A video posted by Jordanian state TV showed a storage tank falling from a winch and slamming into the deck of a ship, followed by yellow gas rising into the air as people ran away.

The chlorine gas was being exported to Djibouti.

Jordanian officials said security personnel sealed off the area after evacuating the injured to hospitals.

Specialized teams were deployed to deal with the deadly leak, according to the civil defense service, while evacuation planes have been deployed to Aqaba.

Prime Minister Bisher al-Khasawneh arrived in the port city following the incident and visited a hospital where some of the injured were being treated, state TV reported.

According to Al-Mamlaka TV, 199 victims were still being treated in hospitals.

Meanwhile, the Hashemite kingdom’s information minister announced the formation of an investigation team into the incident, to be chaired by the interior minister.

Local health authorities urged citizens to remain indoors and to close their windows and doors. The closest residential area to the port is located 25 kilometers away.

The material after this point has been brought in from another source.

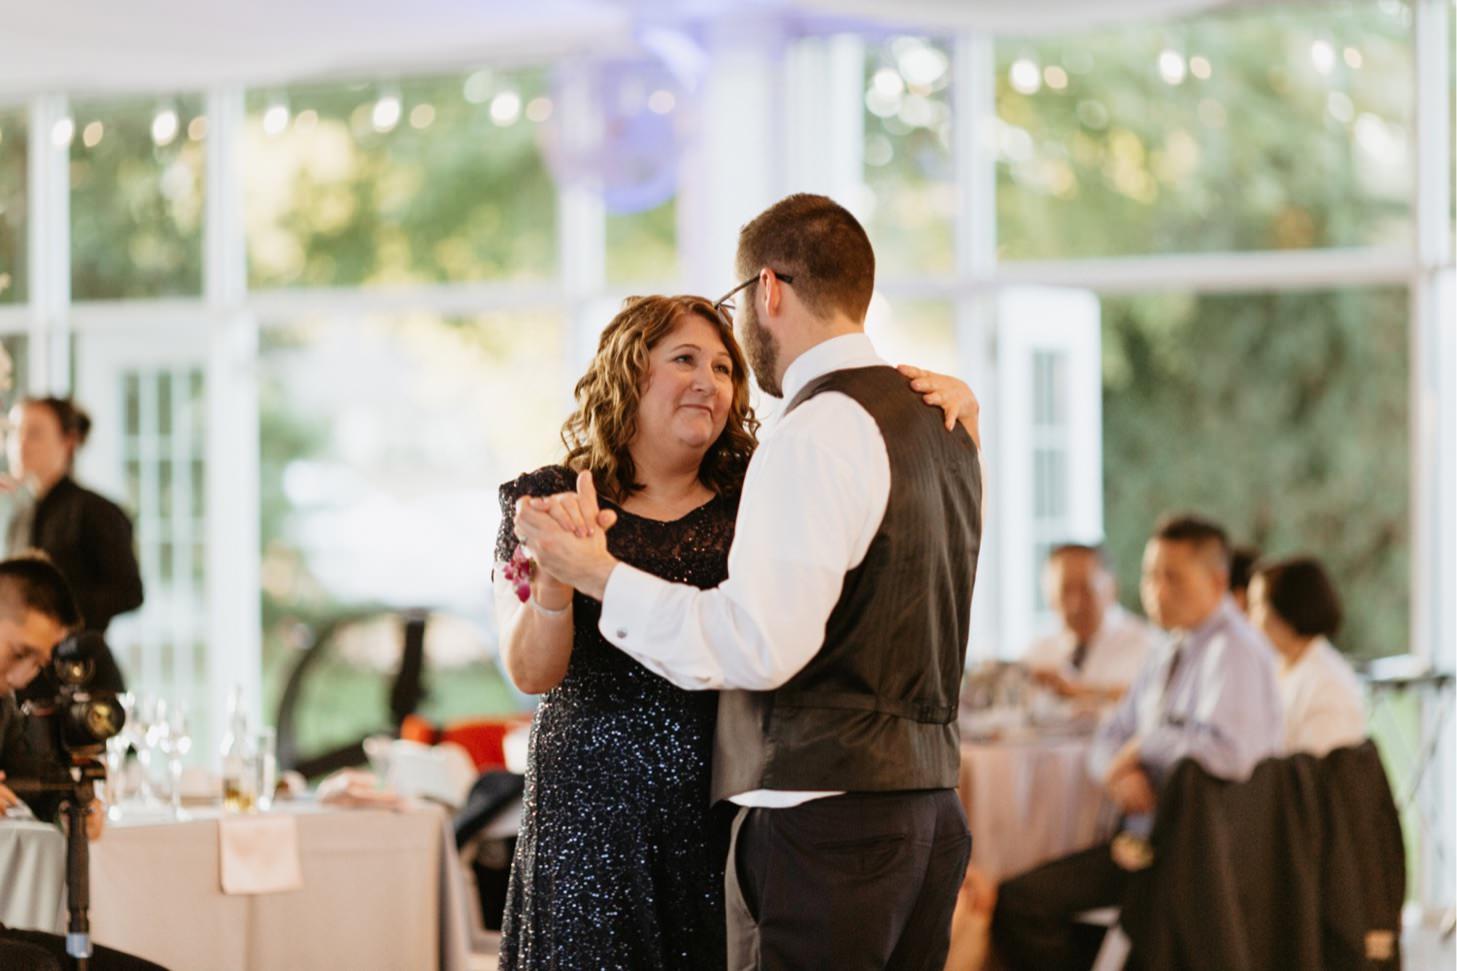 ritz-charles-wedding-reception-downtown-indianapolis-wedding-photographer053.JPG

Chlorine is a commonly used as a disinfectant and water purification agent. However, if inhaled, the gas turns to hydrochloric acid, which causes internal burning and drowning through a reflex release of water in the lungs.

Several grain silos located near the port halted work following the incident to allow inspection of its grains and for any signs of contamination.

Maritime traffic at Aqaba ports continues, officials said, adding that there were no vessels unloading grain cargo at the time of the incident.